Unfortunately, the masses tend to give the corrupt bureaucrats the benefit of the doubt with these wars.

So America is now a more primitive, politically correct and repressive society, thanks to the dumbing-down of generations of people by the government educrats. Grown adults now act like texting-obsessed, subservient TV sitcom characters who bow to the wishes of the most imbecilic, corrupt criminal types in Washington.

The dumbing-down is why we have U.S. senators who think that questioning the legitimacy of the "War on Terror" is "treasonous," or that someone who criticizes the war-buffoons in Washington is an "enemy combatant," or a "terrorist." It's sickening, and truly un-American, in my opinion.

The government schools have maliciously expunged the critical thinking skills necessary to challenge the assertions of government buffoons, which is necessary in maintaining a civilized society.

Why do so many people now have no idea that all human beings have an inherent right to due process and presumption of innocence? (Hmmm. Could that be because of the government-controlled dumbing-down of education in America? I don't know, maybe.)

You see, if a government bureaucrat or military officer wants to accuse an individual of something, the accuser is morally, ethically and legally obligated to provide evidence against the accused.

Otherwise, we might as well let the Rulers and their minions just sweep up totally innocent people with no evidence against them and detain them indefinitely. (Oh, wait a minute, the Bush Administration already did that.) Or let the Rulers just murder people at will. (Hmmm. Obama is already doing that, too. Oh, well.)

Sadly, there are generations of people who are brainwashed into believing that "war is different," and therefore suspending civil liberties should be permitted. Well no, war is not "different," nor "exceptional."
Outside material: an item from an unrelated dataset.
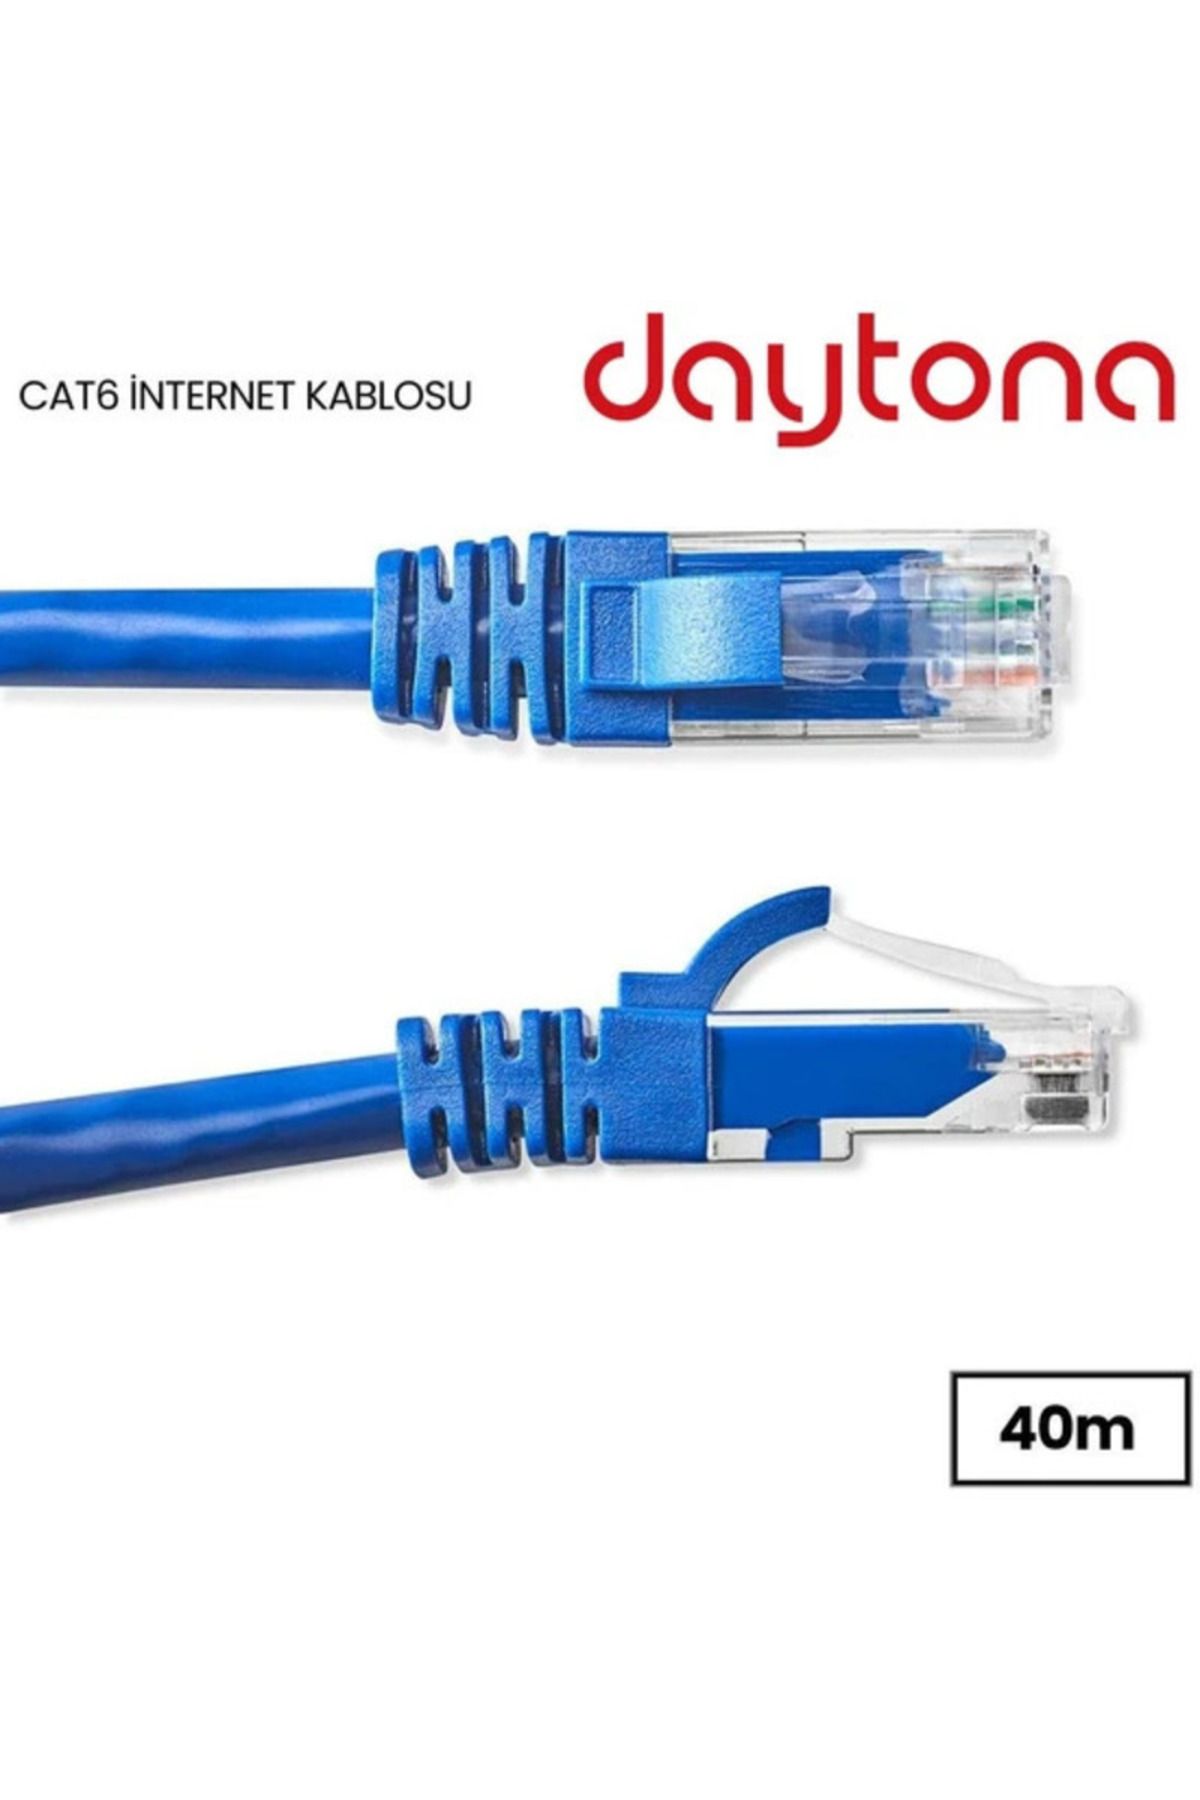 Daytona A4219 Cat6 Gigabit Internet Ethernet 10gbps Rj45 Lan Kablosu (40 METRE)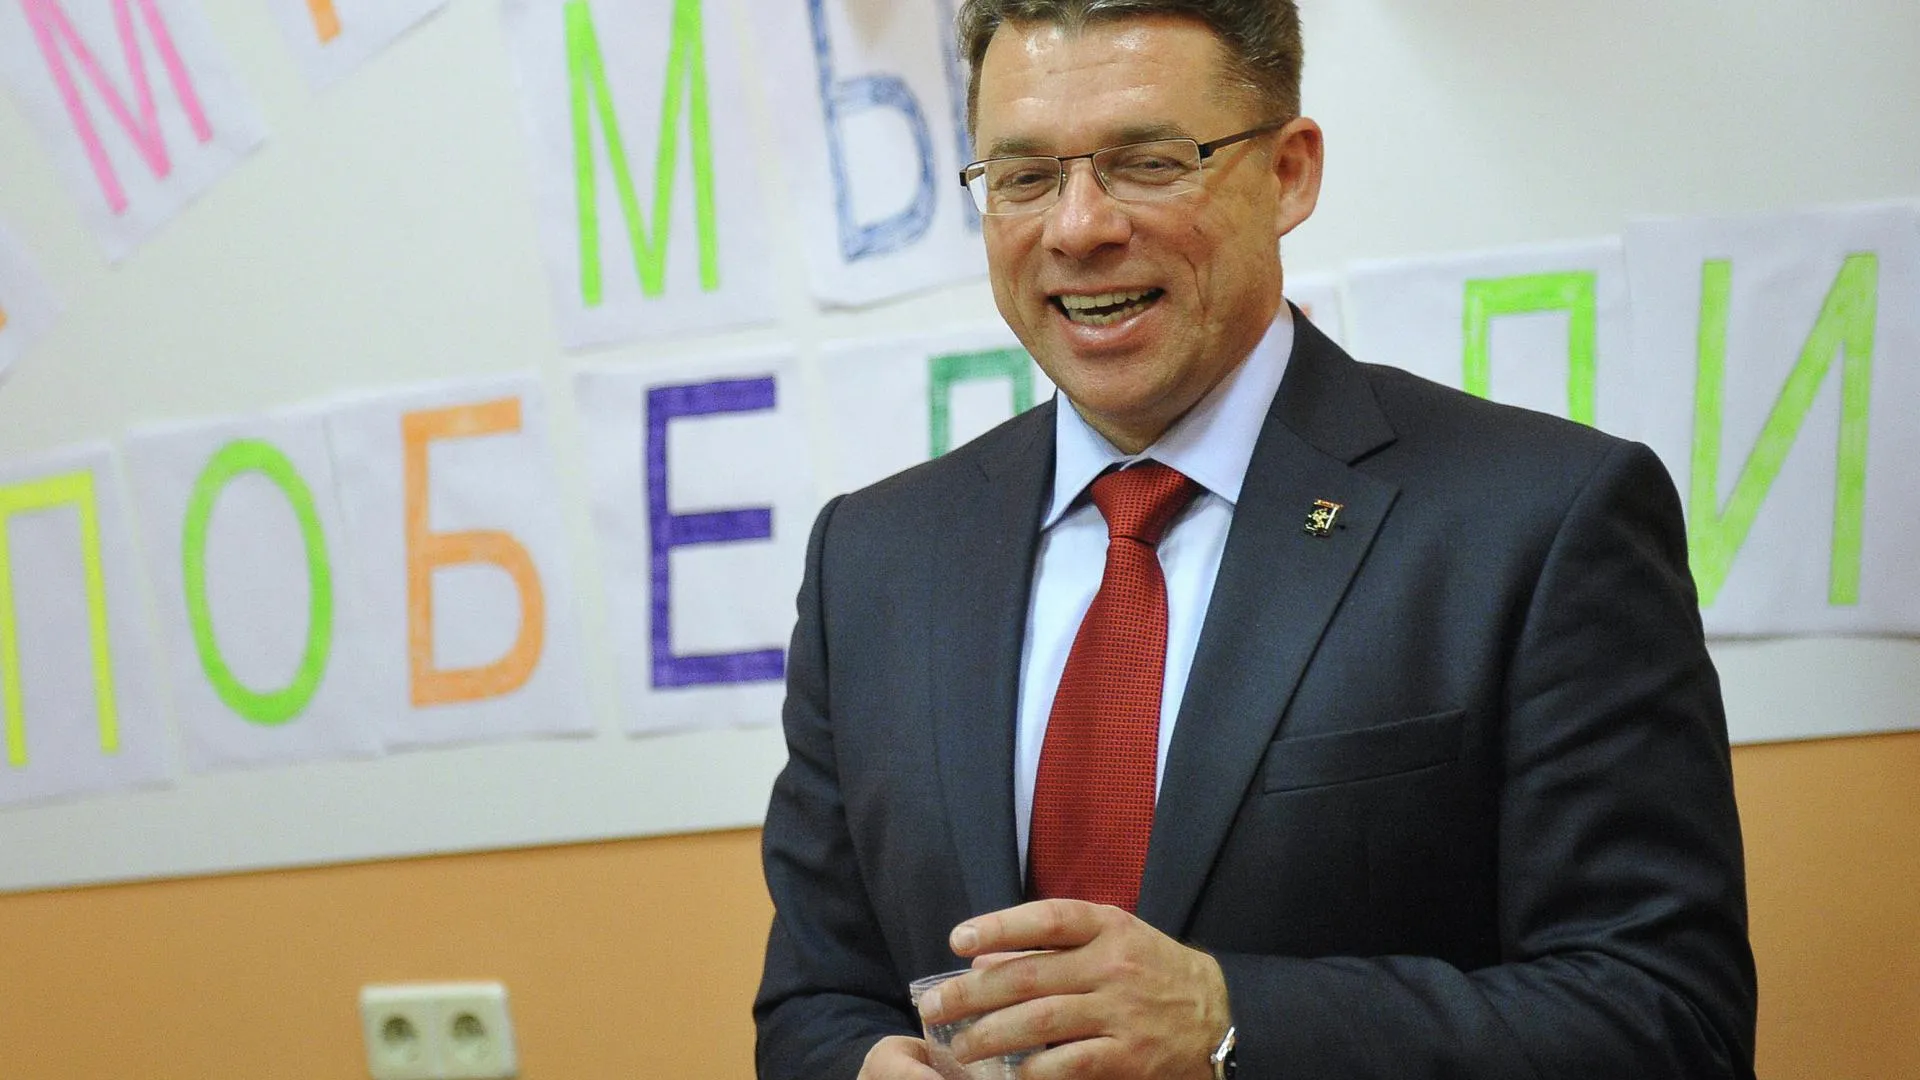 Шахов победил на выборах в Химках с 47,61% голосов — Мособлизбирком

As I wrote here, war is an artificial concept used by collectivists and statists to rationalize the commission of criminal acts of aggression against others and get away with it.

So the people such as the two Bush Presidents who started wars of aggression – they are the aggressors, and thus the criminals, when it comes Iraq twice and Afghanistan.

There is no just rationalization for a war of aggression, period.

And Obama's drones murdering innocent people day after day, it never seems to end, all this stuff, as America descends into Leviathan's totalitarian enslavement.

What those who really value freedom and peace need is not just more radicalism in America, but more rebelliousness, more nullification of government crimes and especially a mass withdrawal of support of the current system of government monopoly that gives some people artificial authority over others.

Of course, the real solutions – as radical as they may be – to society's current national ordeal of "fiscal cliff" and "terrorism" are decentralization and secession, and dissolving the United Soviet State of Amerika entirely.